Let \(f,g\colon X\rightarrow Y\) be continuous maps. A homotopy from \(f\) to \(g\) is a continuous map
\begin{equation*}
F\colon X\times I\rightarrow Y
\end{equation*}
satisfying
\begin{align*}
F(x,0) \amp =f(x) \amp F(x,1)\amp= g(x)
\end{align*}
for all \(x\in X\text{.}\) We say \(f\) is homotopic to \(g\) in this case, written \(f\simeq g\text{.}\)
Remark 2.1.3.
Given a homotopy \(F\colon X\times [0,1]\rightarrow Y\) from \(f\) to \(g\text{,}\) for each \(t\in I\) we get a function \(f_t\colon X\rightarrow Y\) defined as \(f_t(x)=F(x,t)\text{.}\) In this way we can think of a homotopy \(F\) as a family of functions \(\{f_t\}_{t\in I}\) that “varies continuously with \(t\)” (a shorthand way of saying that \(F\) is continuous), and which “continuously deforms” the function \(f=f_0\) to the function \(g=f_1\) as \(t\) ranges over \(I\text{.}\)
Example 2.1.4. Homotopic functions to \(\R^n\).
A subset \(A\subseteq \R^n\) is convex if for any elements \(\boldx, \boldy\in A\) and any \(t\in I\text{,}\) we have \((1-t)\boldx+t\boldy\in A\text{:}\) i.e., given any pair of points in \(A\text{,}\) the line segment between them lies within \(A\text{.}\)
If \(A\subseteq \R^n\) is convex, then given any continuous functions \(f,g\colon X\rightarrow A\text{,}\) the function
\begin{align*}
F\colon X\times I \amp \rightarrow A\\
(x,t) \amp \mapsto (1-t)f(x)+tg(x)
\end{align*}
defines a homotopy from \(f\) to \(g\text{.}\) Thus any two continuous functions from a space \(X\) into \(A\) are homotopic.

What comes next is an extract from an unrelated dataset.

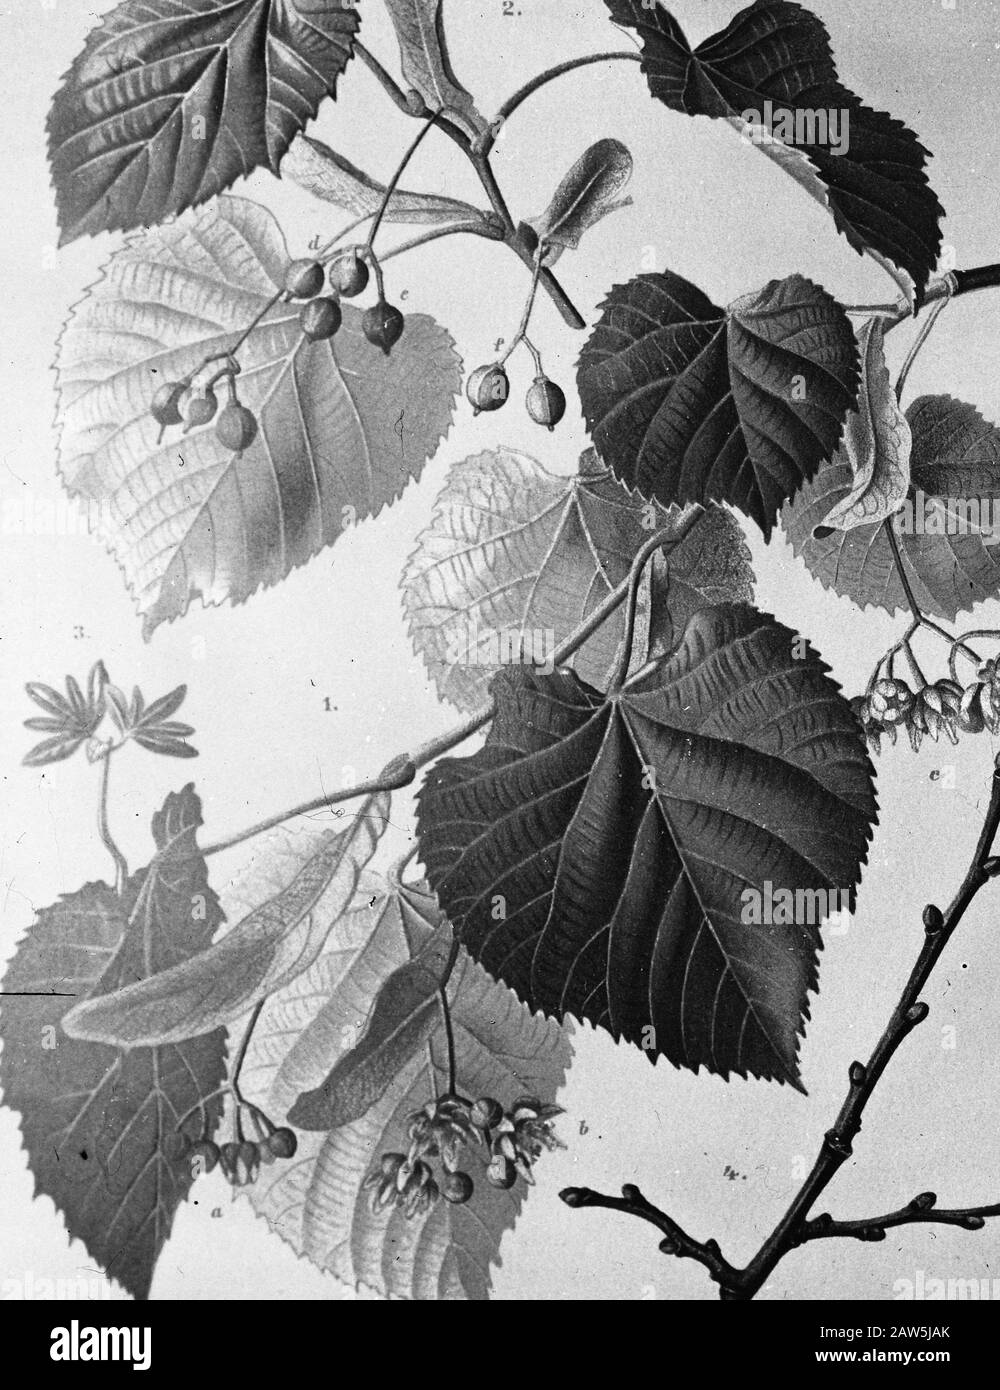 deciduous, trees, forests, avenues, botanical, Tilia tomentosa (silver linden) Date: undated Keywords: trees, forests, botanical, avenues, hardwood Person Name: Tilia tomentosa (silver lime) Stock Photo

Definition 2.1.5. Nullhomotopic map.
A continuous map \(f\colon X\rightarrow Y\) is nullhomotopic if it is homotopic to a constant function from \(X\) to \(Y\text{.}\)
Definition 2.1.6. Path homotopy.
Given elements \(x_0, x_1\) in the topological space \(X\text{,}\) we denoted by \(P(X; x_0,x_1)\) the set of all paths \(f\colon [0,1]\rightarrow X\) with initial point \(x_0=f(0)\) and terminal point \(x_1=f(1)\text{.}\)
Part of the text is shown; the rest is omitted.